Example 6. Using FOR XML EXPLICIT to produce three-level hierarchical XML order data.
SELECT
1 AS Tag,
NULL AS Parent,
CustomerID AS [Customer!1!CustomerID],
NULL AS [SalesOrder!2!SalesOrderID],
NULL AS [SalesOrder!2!TotalDue],
NULL AS [SalesOrder!2!OrderDate!ELEMENT],
NULL AS [SalesOrder!2!ShipDate!ELEMENT],
NULL AS [SalesDetail!3!ProductID],
NULL AS [SalesDetail!3!OrderQty],
NULL AS [SalesDetail!3!LineTotal]
FROM Sales.Customer AS Customer
WHERE Customer.CustomerID IN(11077, 11078)
UNION ALL
SELECT
2,
1,
Customer.CustomerID,
OrderHeader.SalesOrderID,
OrderHeader.TotalDue,
OrderHeader.OrderDate,
OrderHeader.ShipDate,
NULL,
NULL,
NULL
FROM Sales.Customer AS Customer
INNER JOIN Sales.SalesOrderHeader AS OrderHeader
ON OrderHeader.CustomerID = Customer.CustomerID
WHERE Customer.CustomerID IN(11077, 11078)
UNION ALL
SELECT
3,
2,
Customer.CustomerID,
OrderHeader.SalesOrderID,
OrderHeader.TotalDue,
OrderHeader.OrderDate,
OrderHeader.ShipDate,
OrderDetail.ProductID,
OrderDetail.OrderQty,
OrderDetail.LineTotal
FROM Sales.Customer AS Customer
INNER JOIN Sales.SalesOrderHeader AS OrderHeader
ON OrderHeader.CustomerID = Customer.CustomerID
INNER JOIN Sales.SalesOrderDetail AS OrderDetail
ON OrderDetail.SalesOrderID = OrderHeader.SalesOrderID
WHERE Customer.CustomerID IN(11077, 11078)
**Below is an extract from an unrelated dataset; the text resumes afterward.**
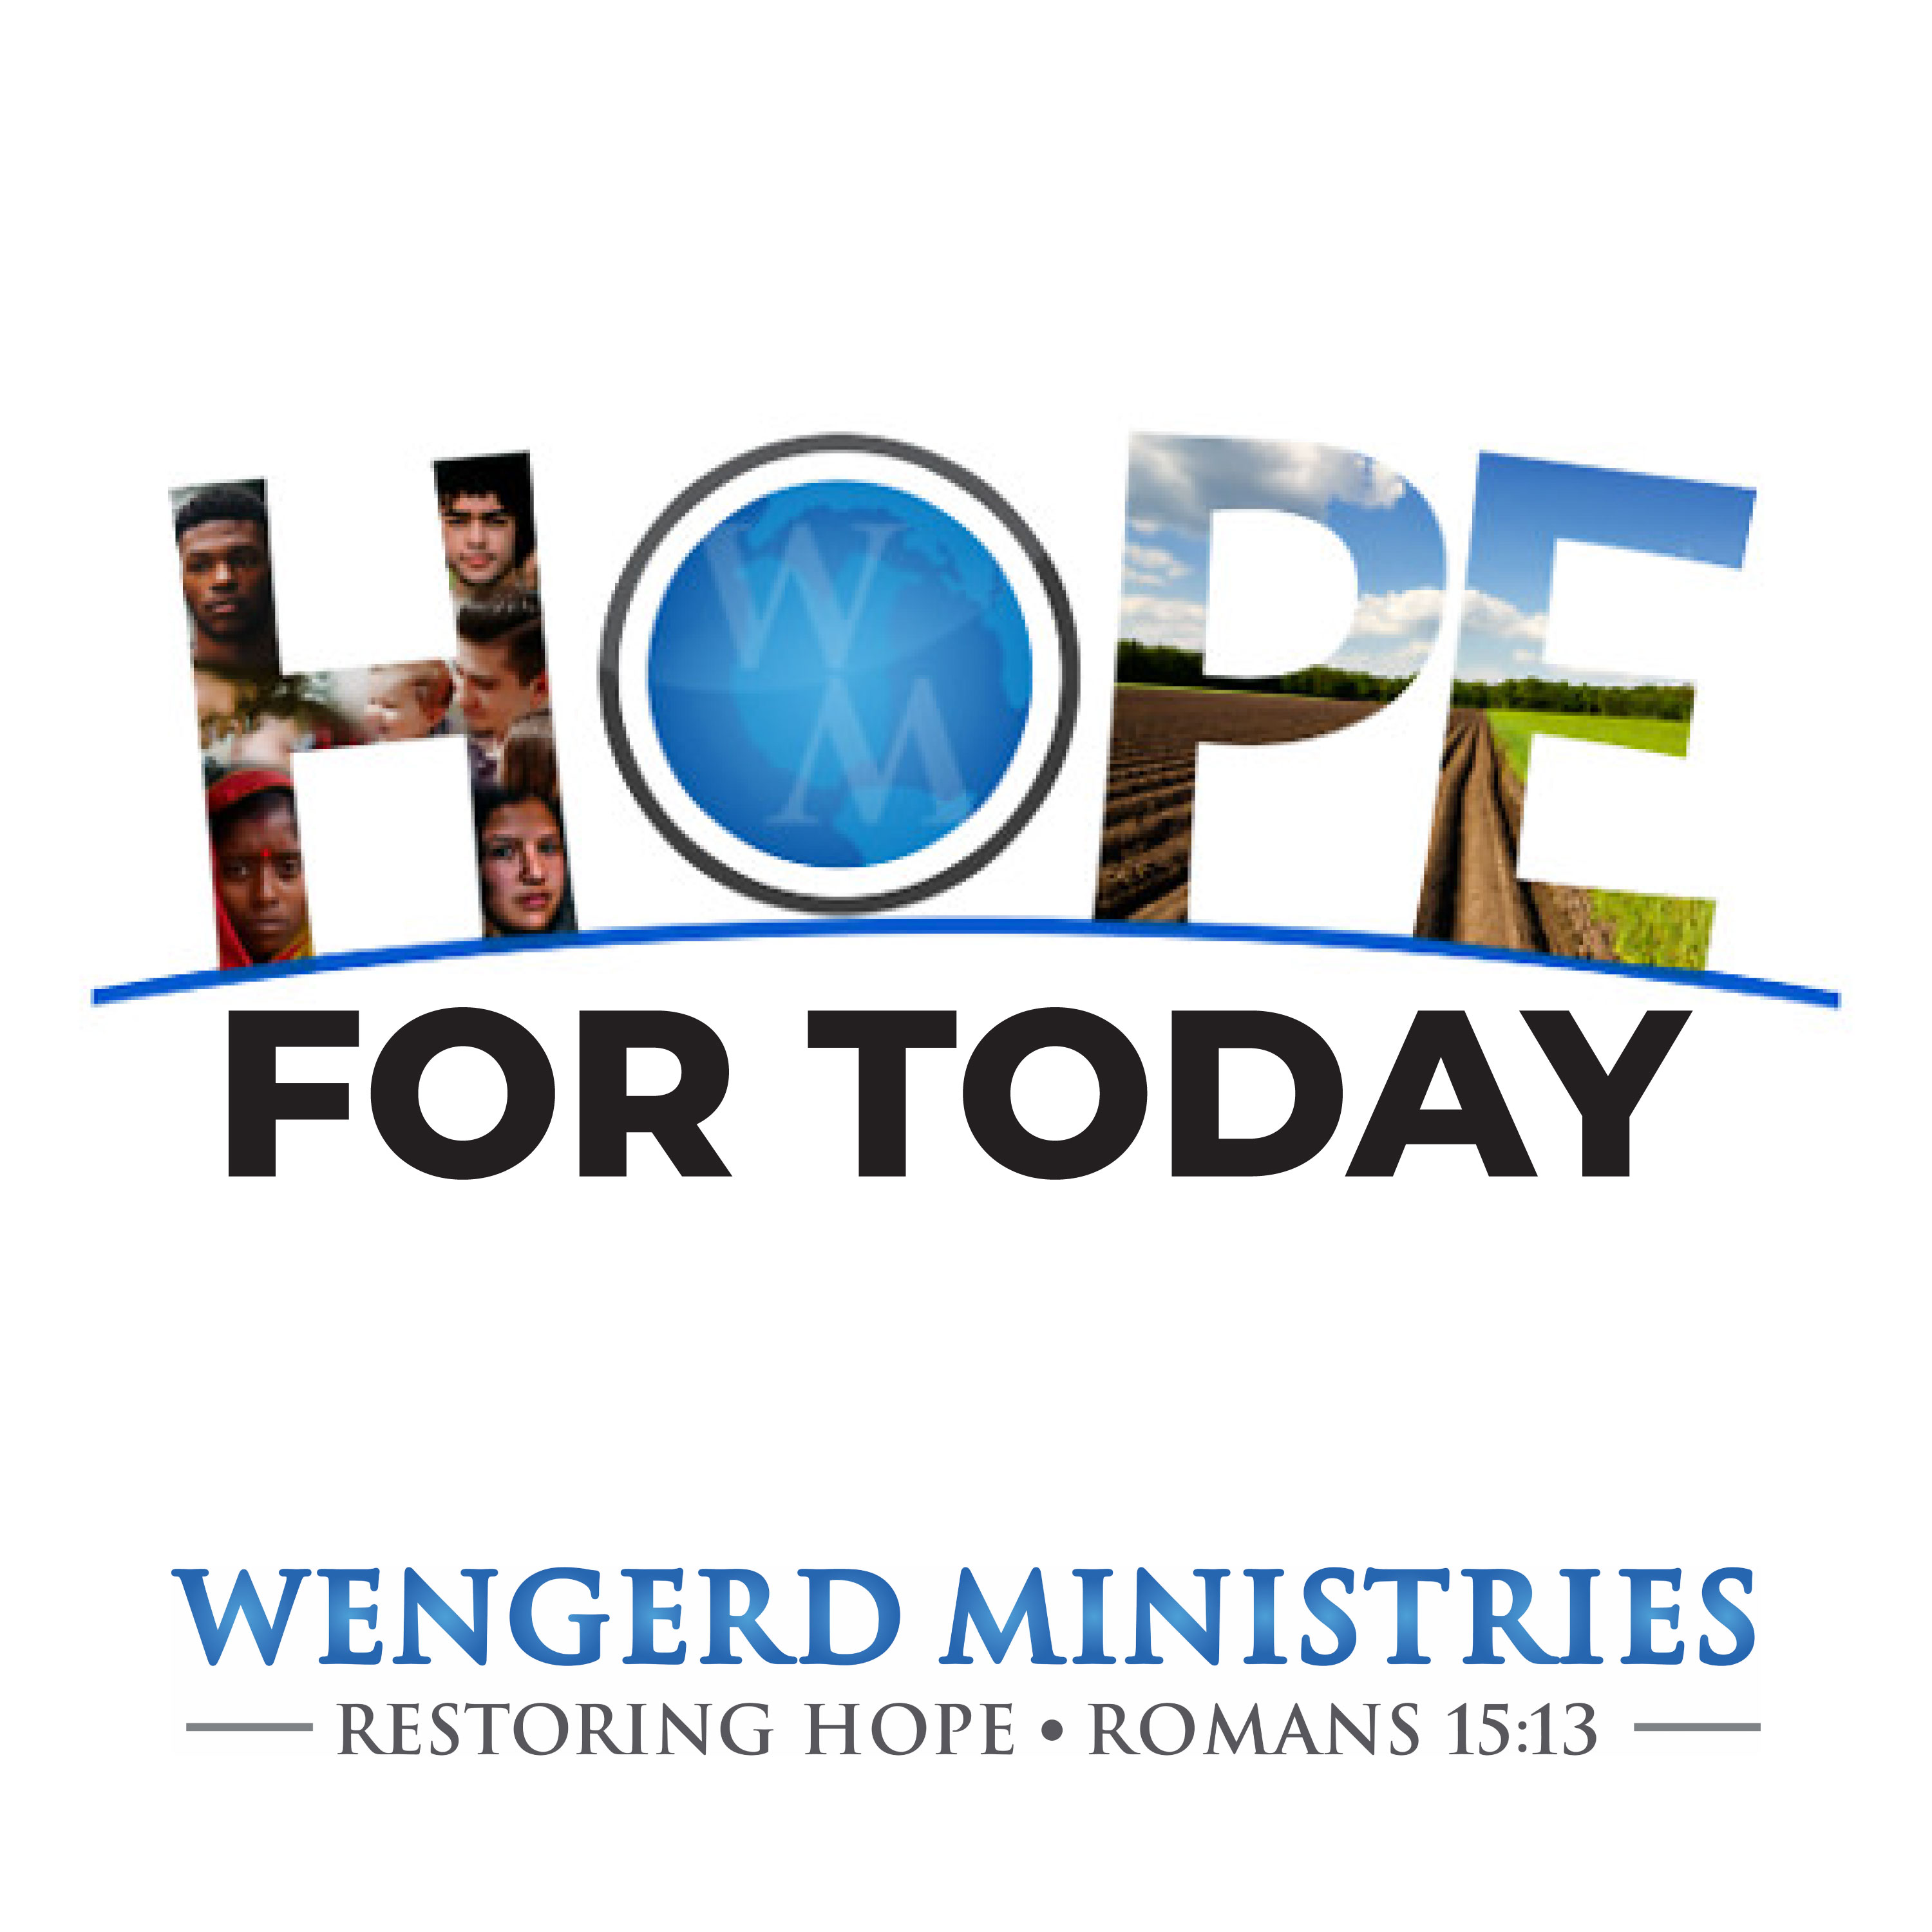 Artwork for Hope for Today by Wengerd Ministries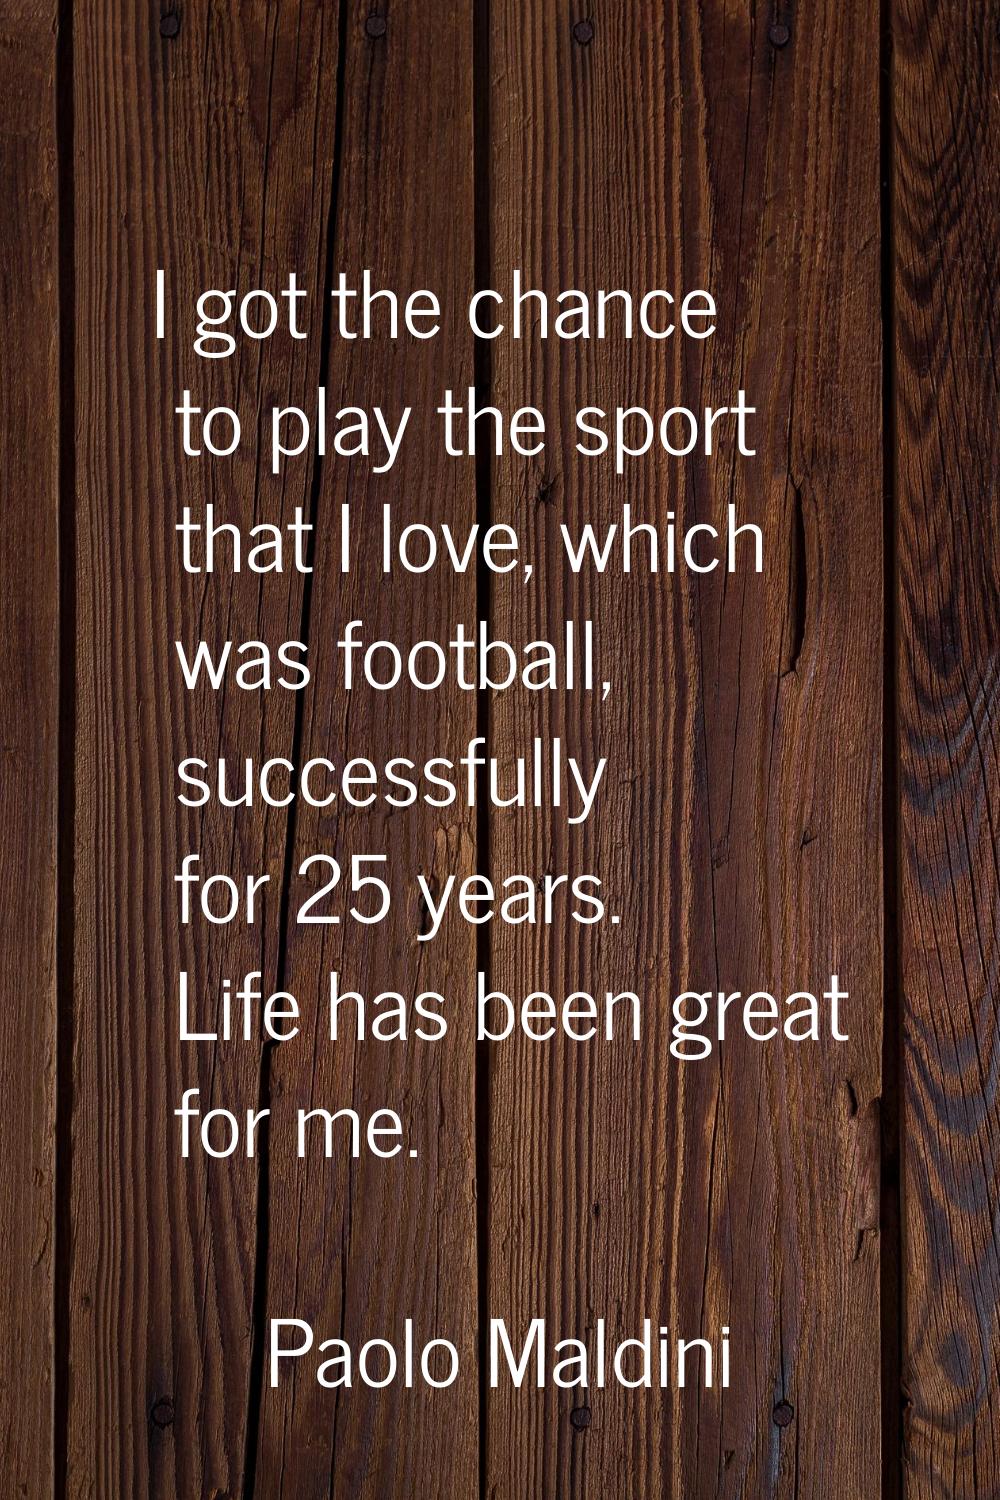 I got the chance to play the sport that I love, which was football, successfully for 25 years. Life

ORDER BY [Customer!1!CustomerID], [SalesOrder!2!SalesOrderID]
FOR XML EXPLICIT
This query produces the following XML:
<Customer CustomerID="11077">
<SalesOrder SalesOrderID="44407" TotalDue="3729.3640">
<OrderDate>2005-10-16T00:00:00</OrderDate>
<ShipDate>2005-10-23T00:00:00</ShipDate>
<SalesDetail ProductID="778" OrderQty="1" LineTotal="3374.990000" />
<SalesDetail ProductID="781" OrderQty="1" LineTotal="2319.990000" />
<SalesDetail ProductID="880" OrderQty="1" LineTotal="54.990000" />
</SalesOrder>
<SalesOrder SalesOrderID="51651" TotalDue="2624.3529">
<OrderDate>2007-07-29T00:00:00</OrderDate>
<ShipDate>2007-08-05T00:00:00</ShipDate>
</SalesOrder>
<SalesOrder SalesOrderID="60042" TotalDue="2673.0613">
<OrderDate>2007-12-14T00:00:00</OrderDate>
<ShipDate>2007-12-21T00:00:00</ShipDate>
<SalesDetail ProductID="969" OrderQty="1" LineTotal="2384.070000" />
<SalesDetail ProductID="707" OrderQty="1" LineTotal="34.990000" />
</SalesOrder>
</Customer>
<Customer CustomerID="11078">
<SalesOrder SalesOrderID="52789" TotalDue="71.2394">
<OrderDate>2007-08-19T00:00:00</OrderDate>
<ShipDate>2007-08-26T00:00:00</ShipDate>
<SalesDetail ProductID="923" OrderQty="1" LineTotal="4.990000" />
<SalesDetail ProductID="707" OrderQty="1" LineTotal="34.990000" />
<SalesDetail ProductID="860" OrderQty="1" LineTotal="24.490000" />
<SalesDetail ProductID="922" OrderQty="1" LineTotal="3.990000" />
<SalesDetail ProductID="877" OrderQty="1" LineTotal="7.950000" />
</SalesOrder>
:
As you can see, the code has become quite complex, and
will become even more complex as you add additional data to the output.
Although this query is perfectly valid, the same result can be achieved
with far less effort using the FOR XML PATH statement.